The Navy Safe Harbor program provides high quality non-medical care to all Sailors and Coast Guardsman and their families. The program provides services such as: pay and personnel assistance, invitational travel orders, lodging and housing adaptation, child and youth programs, transportation needs, legal and guardianship guidance, education and training benefits, commissary and exchange access, respite care and traumatic brain injury and post-traumatic stress disorder support services.
“There are a lot more resources here [NMCSD],” said Ortiz. “The pain management doctors and staff are really helpful.”Army Warrior Transition Units (WTU) and Marine Corps Wounded Warrior Battalions (WWBn) were officially established in 2007 due to the high injury rate of service members returning from overseas duty to further assist in the tracking and caring for patients. Before 2007 service members’ treatment and care was managed by medical liaisons located at NMCSD. C5 was opened in October 2007 to care for severely wounded service members on the west coast.
The relationship between the patients and I is excellent. They [Army patients] are working hard to get back to some sense of normalcy,” said Col. Judith L Tracy, one of three Army case managers assigned to NMCSD’s WTU. “NMCSD has gone overboard to make the Army feel welcome. They work with the wounded warriors very well. When I have had to change or make appointments everyone has been very gracious. The facilities here and the opportunities for these Soldiers at NMCSD are absolutely excellent.”
There are two Army WTUs in California: WTU Alpha Company is in Fort Irwin, Calif. and WTU Bravo Company is attached to NMCSD.

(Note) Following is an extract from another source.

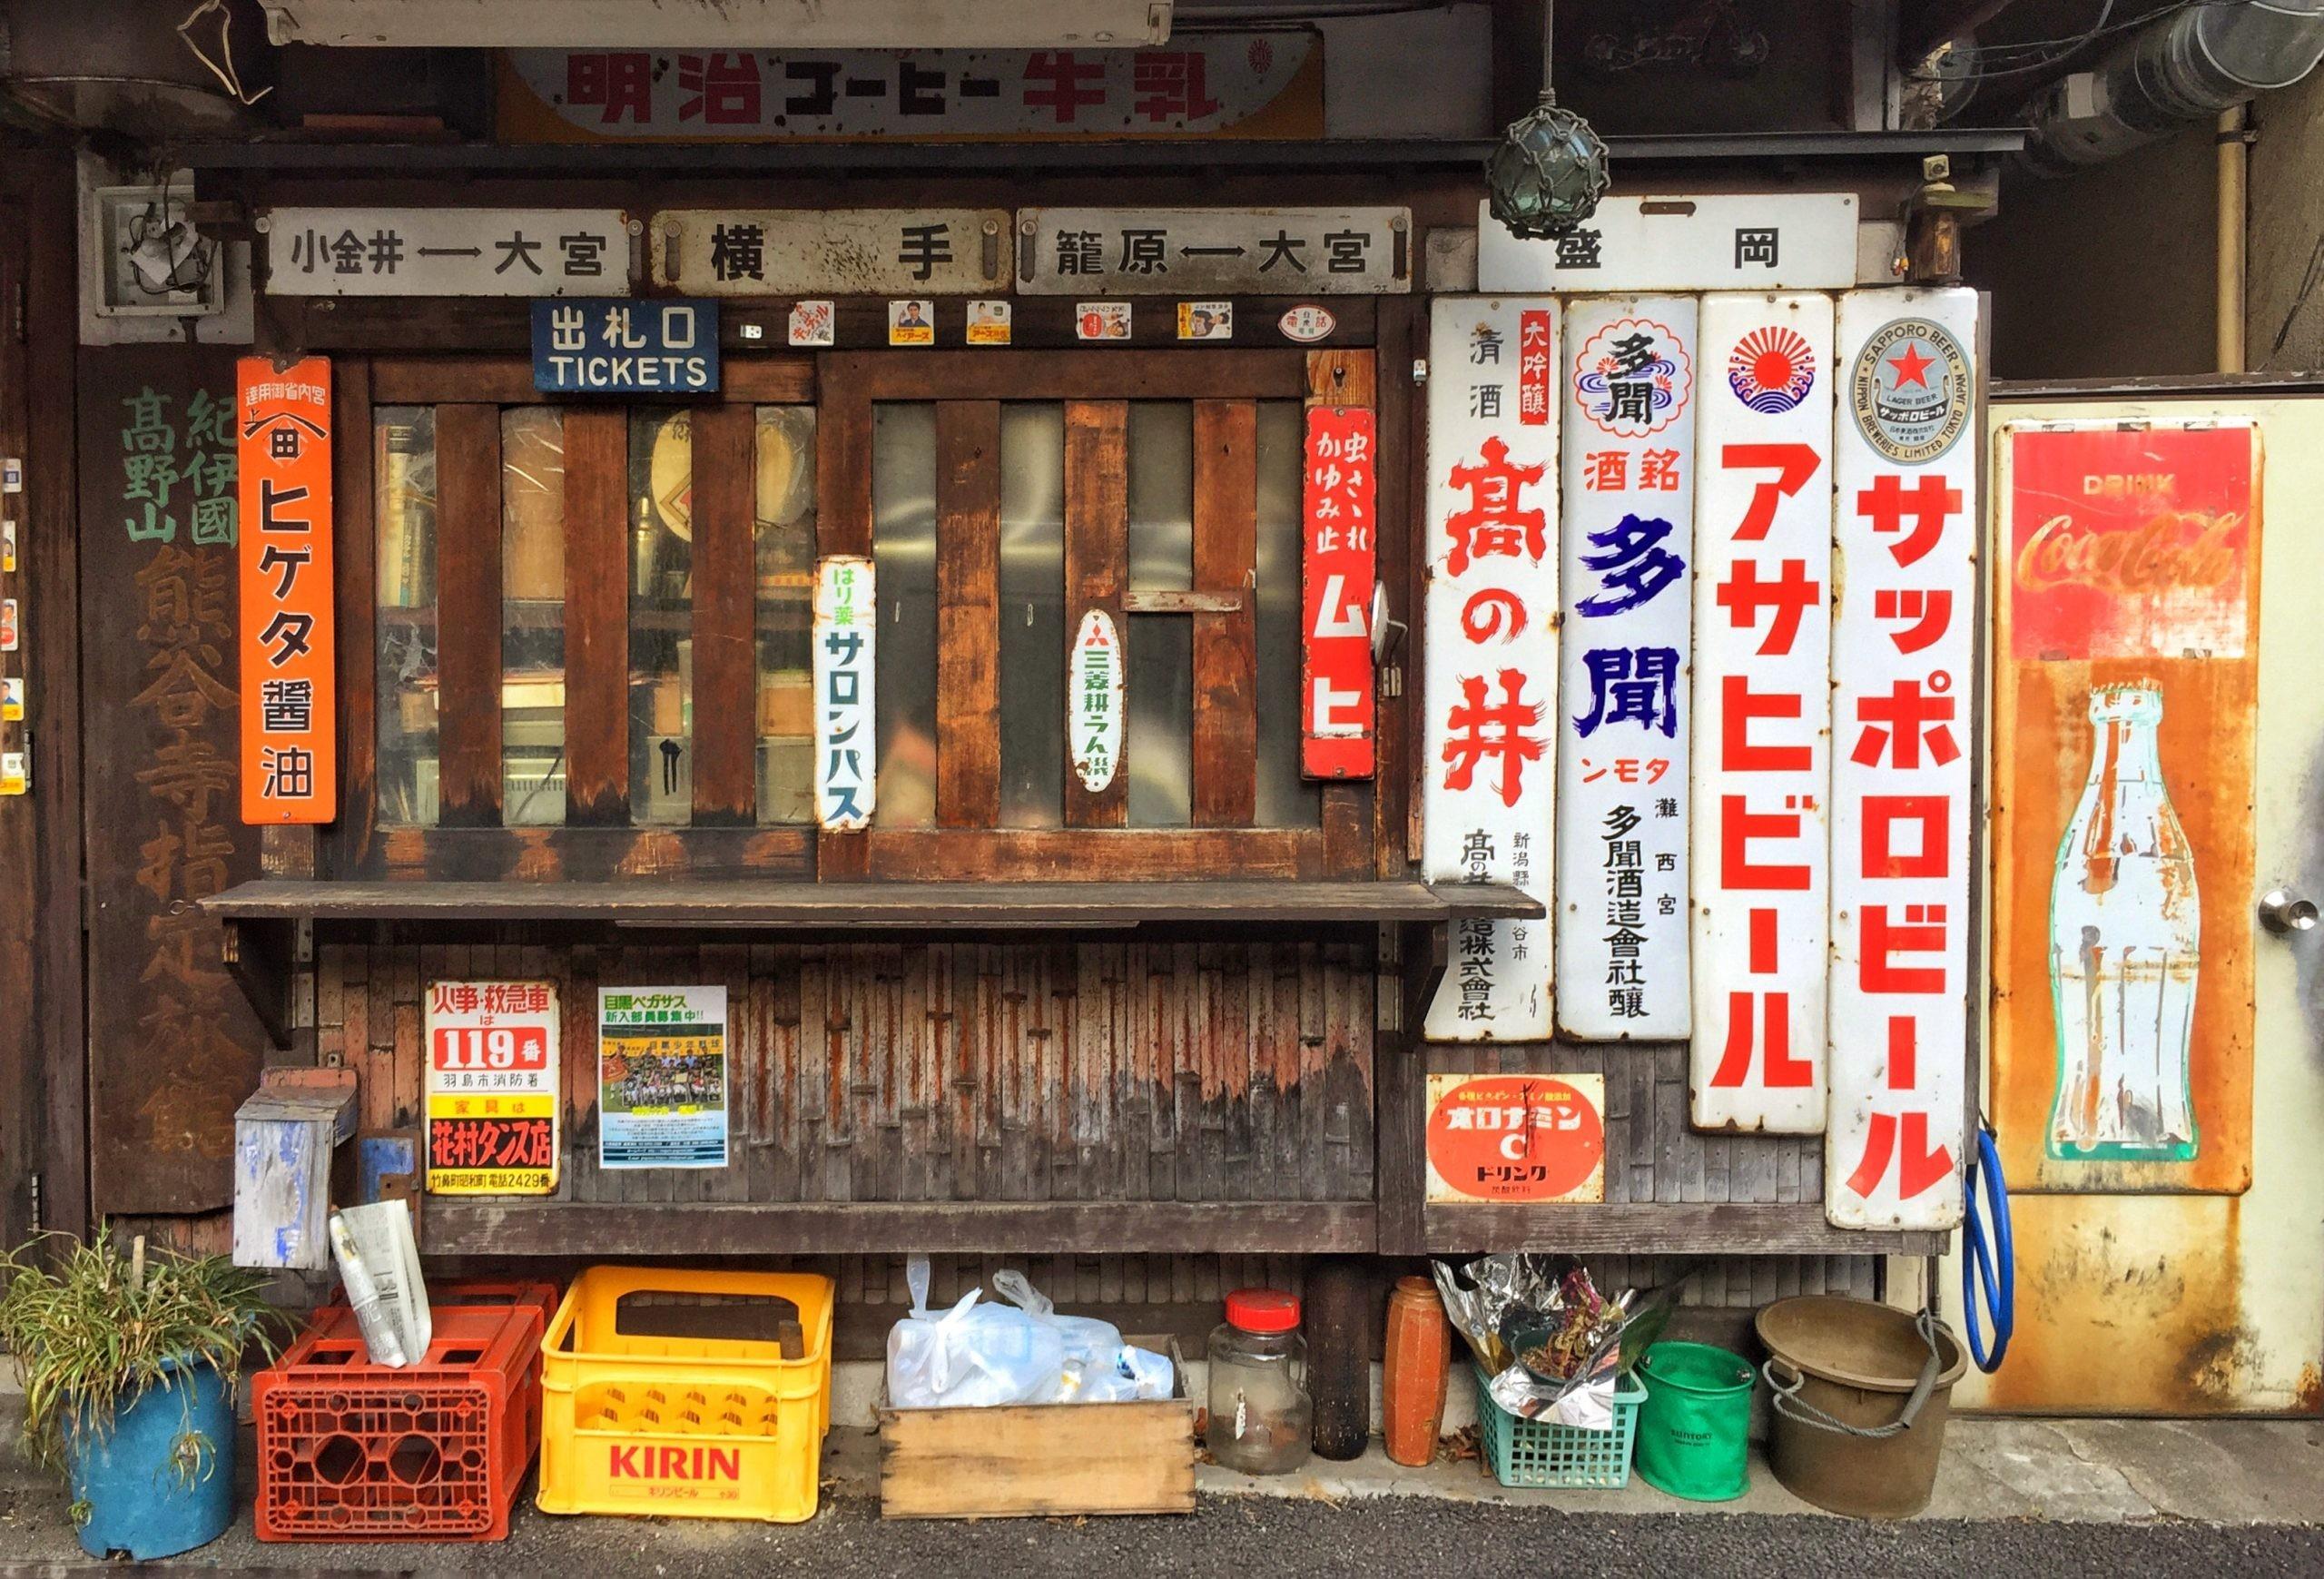 Rorisu in Japan

The Marine Corps has a Wounded Warrior Battalion on each coast. Wounded Warrior Battalion West (WWBn-W) located at Camp Pendleton and Wounded Warrior Battalion East located at Camp Lejeune N.C. The battalions are then broken into smaller detachments to cover duty stations along each coast. WWBn-W is responsible for Marine Corps duty stations west of the Mississippi River such as Twentynine Palms, NMCSD, Palo Alto and Hawaii.
“Everyone definitely cares about the patients here, especially the C5 patients - they do extra,” said Staff Sgt. Jesse Cottle, a Marine assigned as a patient to the WWBn-W at NMCSD. “There are definitely a lot of people they deal with at one time and sometimes it’s chaotic, but they do a pretty good job of facilitating the chaos and still get everyone their therapy.”
Cottle lost both his legs in Afghanistan in July of 2009 and has been receiving care at NMCSD since August 2009.
“The staff is pretty supportive and helpful if my wife calls and needs or asks for something the staff is on top of it,” said Marine Gunnery Sgt. Joe Gallo, a WWBn-W patient at NMCSD. “They are really involved with the patients. They always know what’s going on with them and try to do things to help them.”
Currently there are 27 Army WTU patients, 68 Marine WWBn-W patients and 104 Navy medical hold patients receiving care at NMCSD.